PODGORICA, June 27, 2023—The World Bank has released its Country Economic Memorandum for Montenegro: Towards a Sustainable Growth Strategy, emphasizing the need for Montenegro to work towards a more sustainable growth strategy to accelerate its convergence with European Union (EU) living standards. Despite significant progress over the past decade, the average income of Montenegrins is projected to take almost 40 years to reach the average income levels of the EU if it continues with its pre-COVID growth rates.
To overcome this challenge Montenegro requires a new, more sustainable growth strategy based on productivity and human capital gains while preserving natural resources.

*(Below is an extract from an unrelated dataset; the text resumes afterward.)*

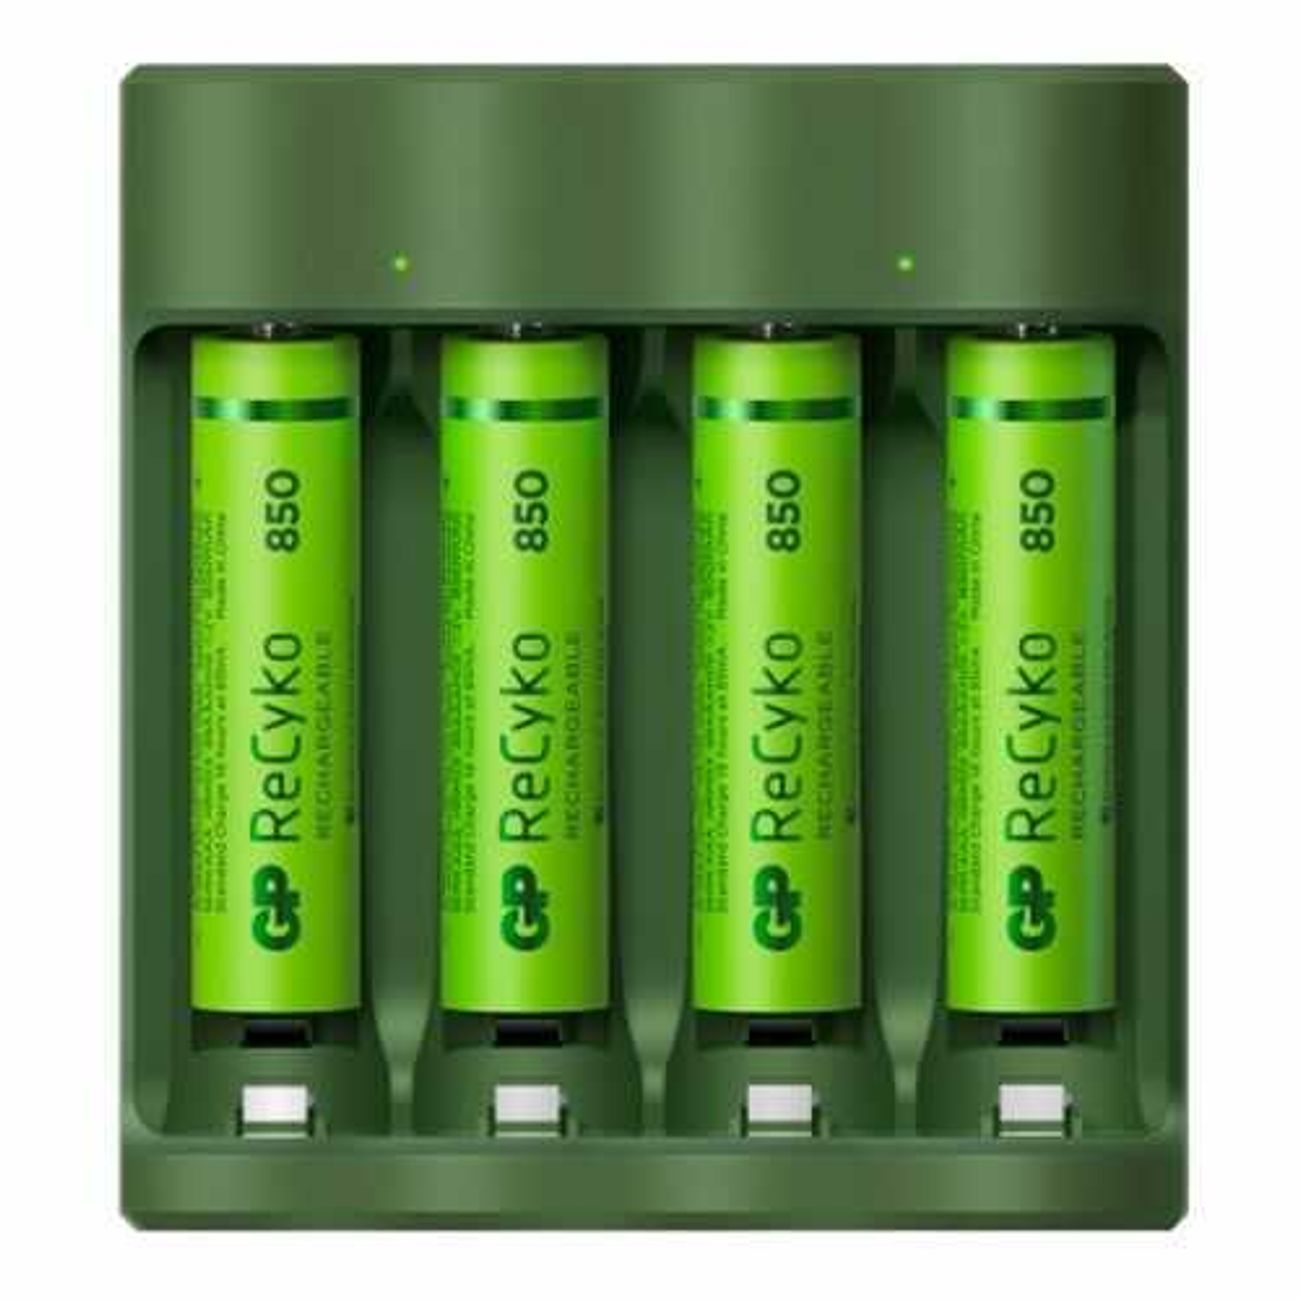 gp-recyko-everyday-batteriladdare-73181-4

“Montenegro's previous growth strategy heavily relied on attracting large investment projects in sectors such as transport, energy, and tourism,” stated Marc Schiffbauer, World Bank Senior Country Economist, and co-author of the report. “Although this led to temporary construction booms, it was often not accompanied by productivity growth, resulting in limited long-term benefits and increased vulnerability to external shocks.”
A more sustainable growth model needs to prioritize three key areas: (i) removing regulatory barriers for firms to enter markets and grow; (ii) leveraging trade to enable firms access to new markets and technology; and (iii) unleashing Montenegro’s full human capital potential by raising equality of opportunity. Promoting competition by eliminating restrictive regulations in service sectors, for example, could raise Montenegro’s annual growth rate by approximately 0.4% which would reduce the time required to reach EU income levels by 13 years.
Moreover, Montenegro's substantial income inequality constrains upward mobility which impedes the productivity of workers. By providing equitable access to quality education and healthcare, irrespective of geography, gender, or socioeconomic background, Montenegro will boost the skills of tomorrow’s workers and tap into the full potential of its entrepreneurial talent.
"By implementing these reforms, Montenegro can expect a thriving private sector, significant job opportunities, and ultimately improved wages and benefits for all its citizens,” said Christopher Sheldon, World Bank Country Manager for Bosnia and Herzegovina and Montenegro. “The World Bank stands ready to assist the Montenegrin government by offering technical expertise and sharing international best practices to effectively design and implement crucial structural reforms.”
Addressing skill shortages, improving infrastructure, and implementing policies more consistently will further raise the economic benefits from tourism – Montenegro's driver of economic growth. Still, tourism requires special attention as its growth is more vulnerable to environmental degradation and climate change. Sustaining its growth thus requires greening the sector.
Finally, to sustain the impact of a new growth strategy, Montenegro should empower public institutions and strengthen the rule of law. Inconsistent enforcement of legal frameworks and high informality pose challenges to economic development and hinder EU integration. Strong public institutions, including a well-equipped competition authority, anti-corruption mechanisms, and effective environmental protection and waste management agencies, are necessary to support the new growth strategy, ensure macroeconomic stability and higher standard of living.